Agitation Free said:


> Why? If people make a higher wage than more tax is collected. And we're in a $16 trillion dollar hole.


Do you understand that if you give everyone in the workforce a dollar, than the dollar becomes worthless? The world doesn't work if you give everyone working an across the board raise because inflation will increase greatly, while the dollar will decrease greatly. If life were that easy, it would have been done 200 years ago.

posted using Outdoor Hub Campfire


----------



## robertj298 (Feb 23, 2009)

ironman172 said:


> WOW, an honest public employee....my compliments to you sir....you hit it right on the head....I wish I could give you a raise, it sounds like you sure do deserve it!!


I imagine there are a lot of public employees will tell you most of their coworkers aren't worth what they make. And I imagine a lot of those coworkers say the same thing about them I know I was the only mailman worth what I made before I retired.


----------



## Intimidator (Nov 25, 2008)

mjn88 said:


> Do you understand that if you give everyone in the workforce a dollar, than the dollar becomes worthless? The world doesn't work if you give everyone working an across the board raise because inflation will increase greatly, while the dollar will decrease greatly. If life were that easy, it would have been done 200 years ago.
> 
> posted using Outdoor Hub Campfire


This is only true due to one factor!....Greed!
Our economy could hum along and remain strong...but someone will soon tire of the same profits and begin to raise prices etc, and by the time they have over-priced the market and realized what they have done, they are in the "Crapper" again!
Sometimes IT IS FEASEABLE for Market equalization and to keep it there!
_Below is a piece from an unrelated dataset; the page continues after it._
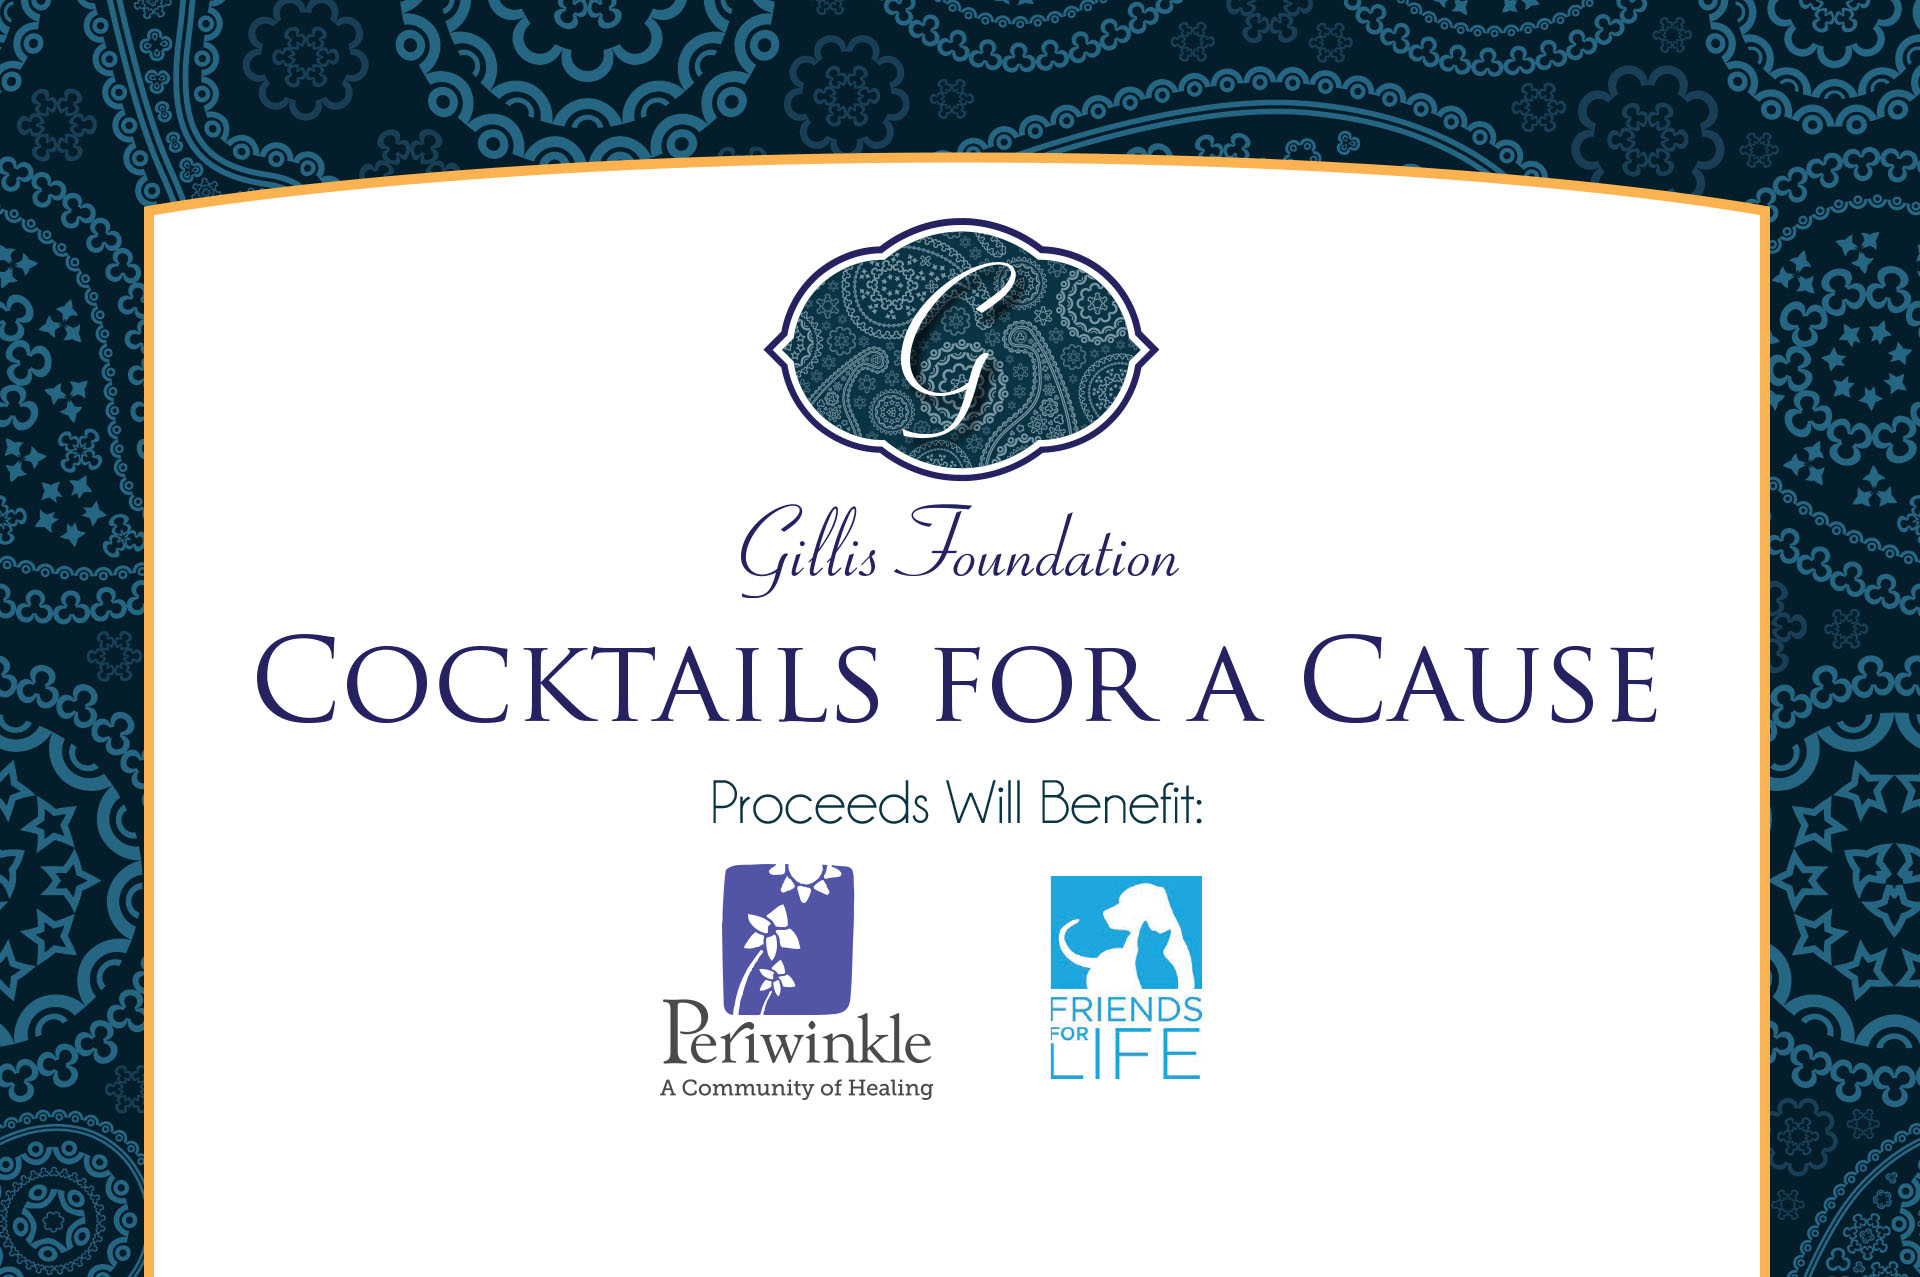 Gillis Foundation Cocktails for a Cause. Proceeds will benefit Periwinkle Foundation and Friends for Life Animal Shelter.

Big Business had it made in the early years during the Industrial Revolution because they could maximize profits due to the low wage scale and horrible conditions that workers faced...people were just a throw away piece of machinery!

Then we went through an Era of prosperity for the workers, due to the Unions.

Now we are heading back where all of the Companies have the power again...But we need BALANCE! I don't see it happening in my lifetime!


----------



## I Fish (Sep 24, 2008)

robertj298 said:


> I imagine there are a lot of public employees will tell you most of their coworkers aren't worth what they make. And I imagine a lot of those coworkers say the same thing about them I know I was the only mailman worth what I made before I retired.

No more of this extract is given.